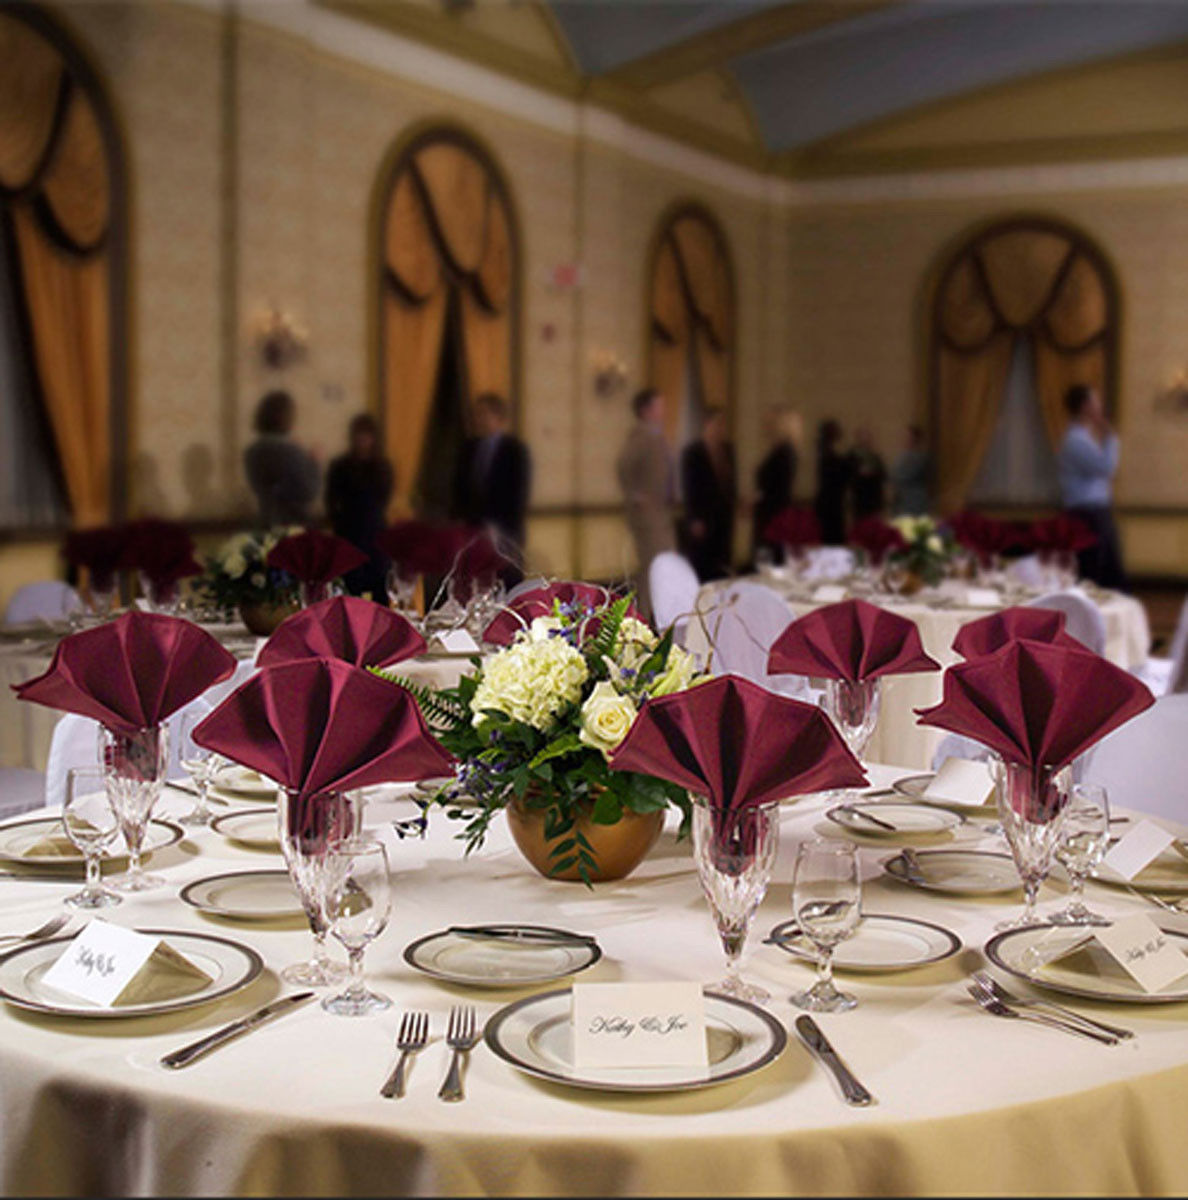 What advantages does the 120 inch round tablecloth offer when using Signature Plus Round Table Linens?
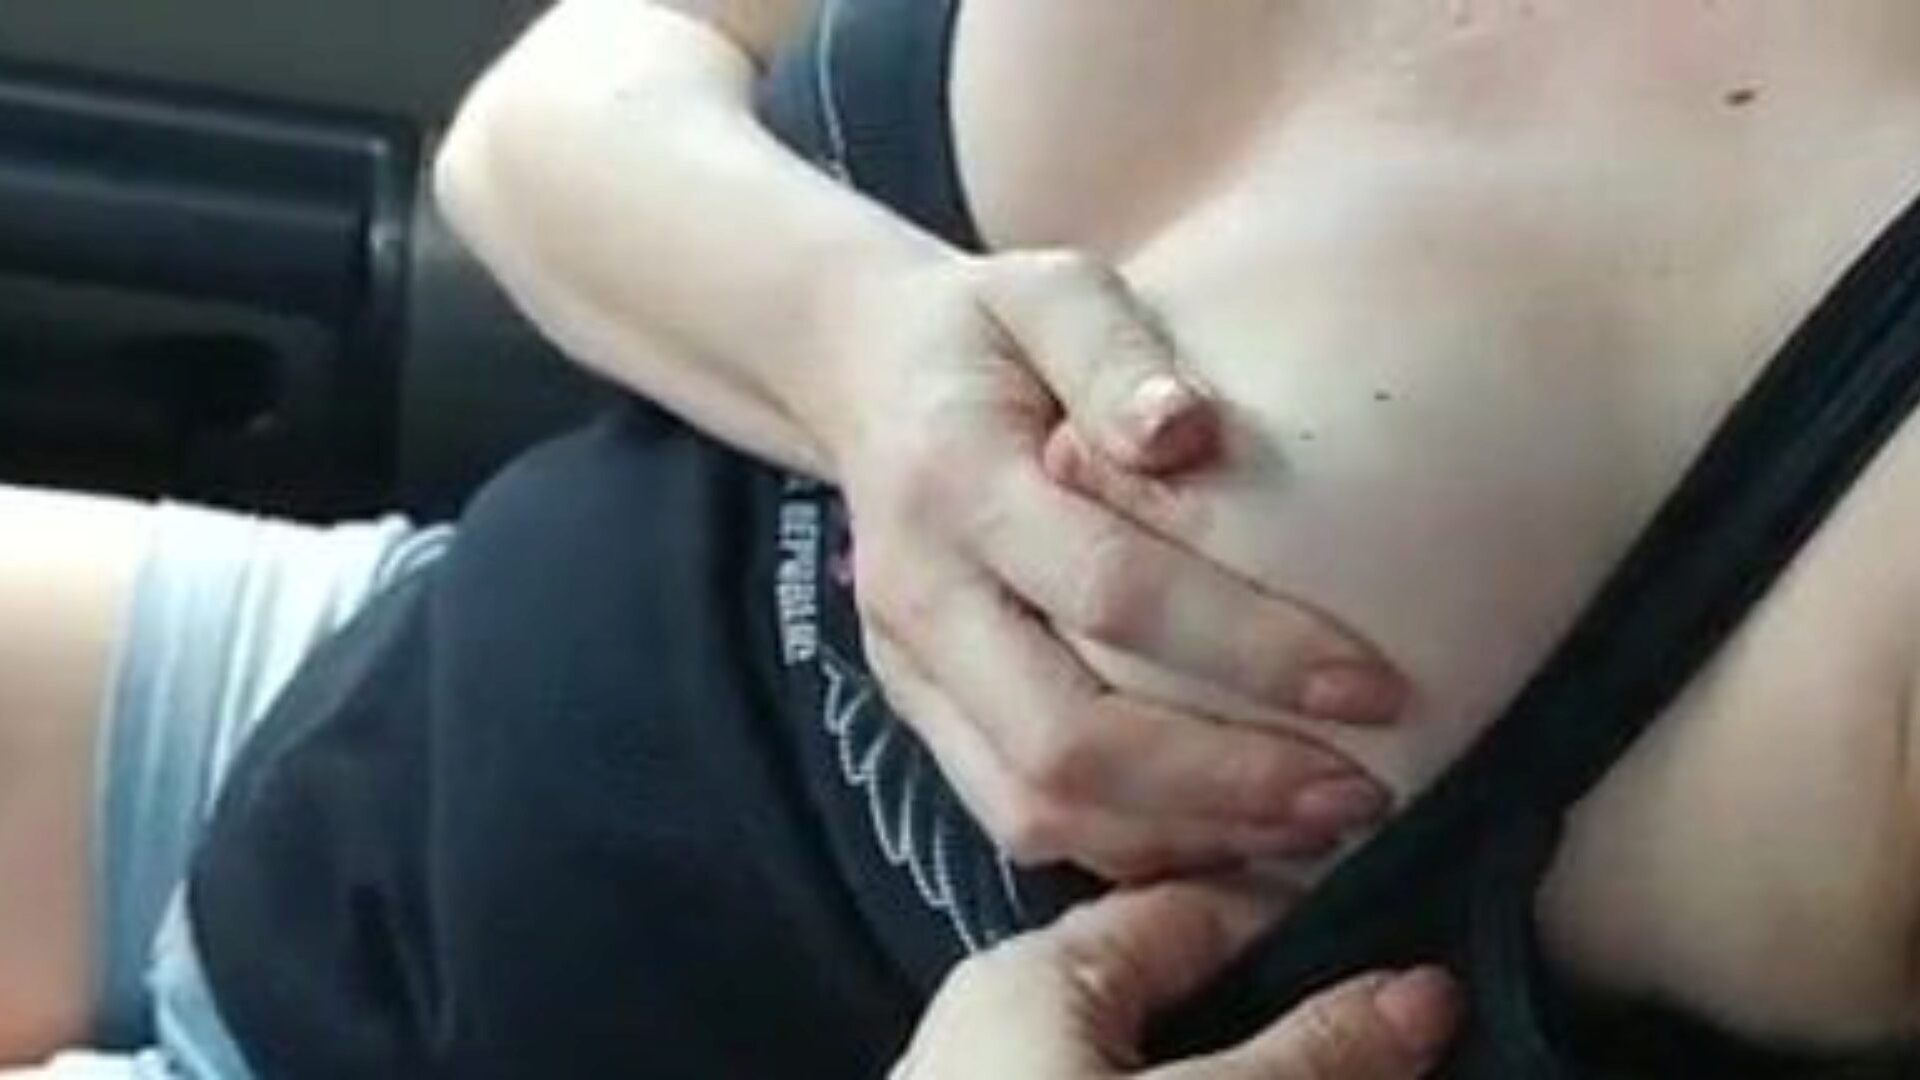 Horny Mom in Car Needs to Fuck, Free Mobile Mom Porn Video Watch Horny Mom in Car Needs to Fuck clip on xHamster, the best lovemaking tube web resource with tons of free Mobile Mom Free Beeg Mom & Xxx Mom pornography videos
* * *
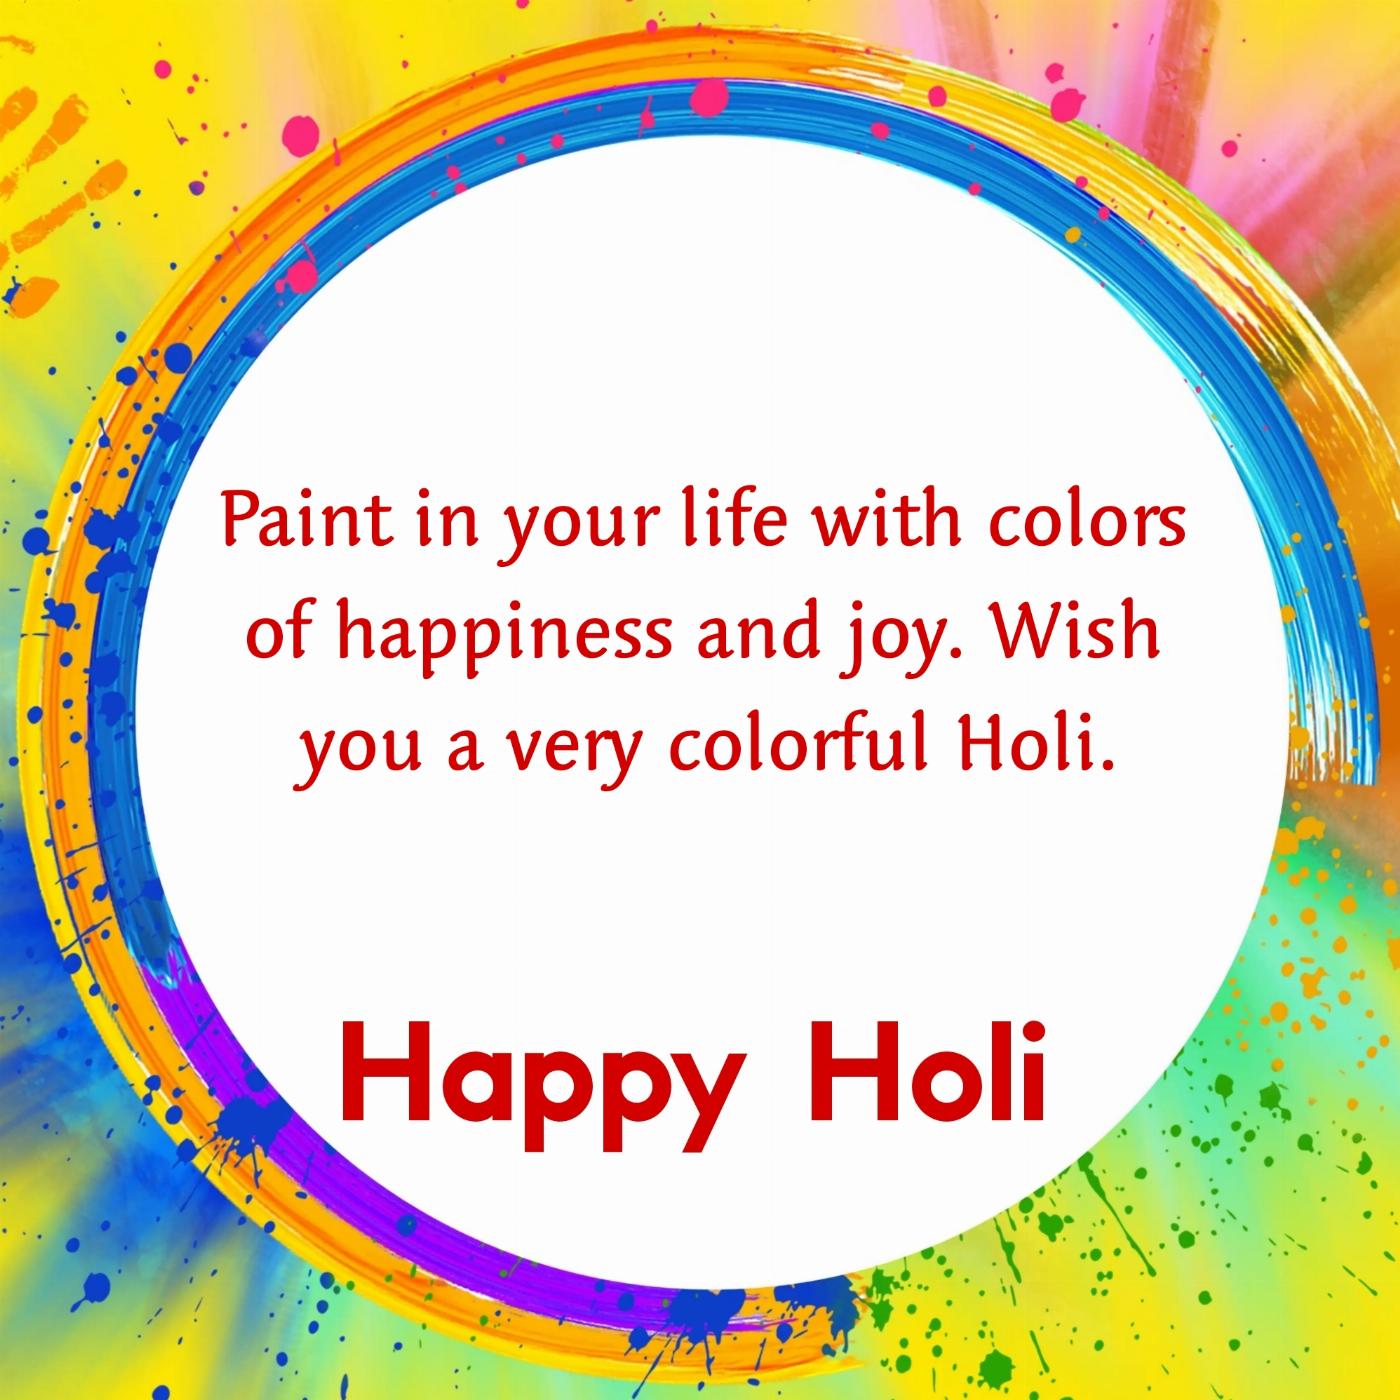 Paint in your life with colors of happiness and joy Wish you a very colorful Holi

§ **What is needed**
Copy only what lies between the line with "What advantages does" and the line with "Horny Mom in Car Needs to Fuck, Free", those two lines included, exactly as given above; pictures stay out.

§ **Response box**
 What advantages does the 120 inch round tablecloth offer when using Signature Plus Round Table Linens?
 Horny Mom in Car Needs to Fuck, Free Mobile Mom Porn Video Watch Horny Mom in Car Needs to Fuck clip on xHamster, the best lovemaking tube web resource with tons of free Mobile Mom Free Beeg Mom & Xxx Mom pornography videos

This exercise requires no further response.